Mme. Bathory had risen, and from a desk which she unlocked took forth a roll of notes, which she handed to the doctor.

“Sir,” she said, “take back the money, for it is yours, and receive the thanks of a mother as if she had used it to educate her son.”

“The money no longer belongs to me, madame,” replied the doctor, refusing it with a gesture.

“I repeat that it never belonged to me.”

“But if Pierre Bathory can use it—”

“My son will find the situation for which he is fit, and I can trust him as I can trust myself.”

“He will not refuse what his father's friend insists on his accepting.”

“He will refuse.”

“At least, madame, will you allow me to try?”

“I beg you will do nothing, doctor,” answered Mme. Bathory. “My son does not know that I have received this money, and I do not wish him ever to know it!”

“Be it so, madame! I understand your feelings, although I am a stranger and unknown to you! Yes, I understand and admire them. But I repeat, if the money is not yours it is not mine.”

Dr. Antekirtt rose. There was nothing in Mme. Bathory's refusal to annoy him personally; and her delicacy only filled him with a feeling of profound respect. He bowed to the widow, and was turning to leave when another question stopped him.

“Sir,” said Mme. Bathory, “you have told me of some miserable proceedings which sent to their deaths Ladislas Zathmar, Stephen Bathory and Count Sandorf?”

“I said what was true, madame.”

“But does any one know these people?”

“Yes, madame.”

“Who?”

“God.”

And as he spoke the doctor made a low obeisance and left.

Mme. Bathory remained in deep thought. By some sweet sympathy, for which she could not account, she felt herself irresistibly drawn toward the mysterious personage who was so mixed up with the events of her life.
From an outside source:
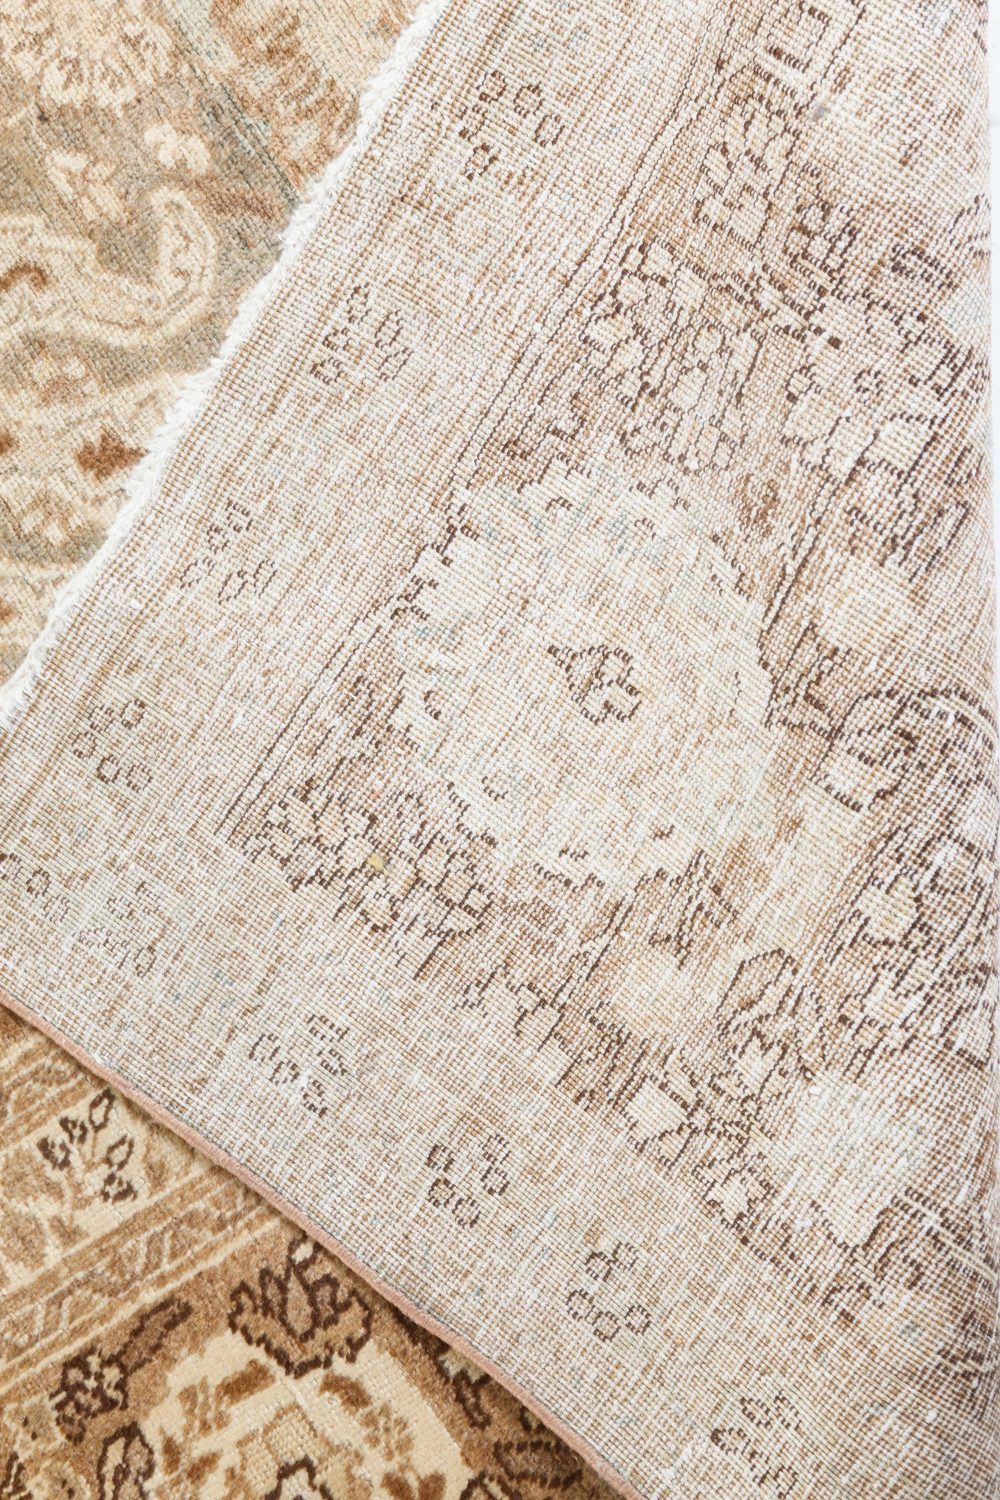 Authentic Persian Tabriz Handmade Wool Rug BB7307

Would she ever see him again? And if the “Savarena” had only brought him to Ragusa to make this visit, would the yacht go to sea and never return?

The next day's newspapers announced that an anonymous gift of 100,000 florins had been made to the hospitals of the town.

It was the gift of Dr. Antekirtt, but was it not also the gift of the widow who had refused it for herself and her son?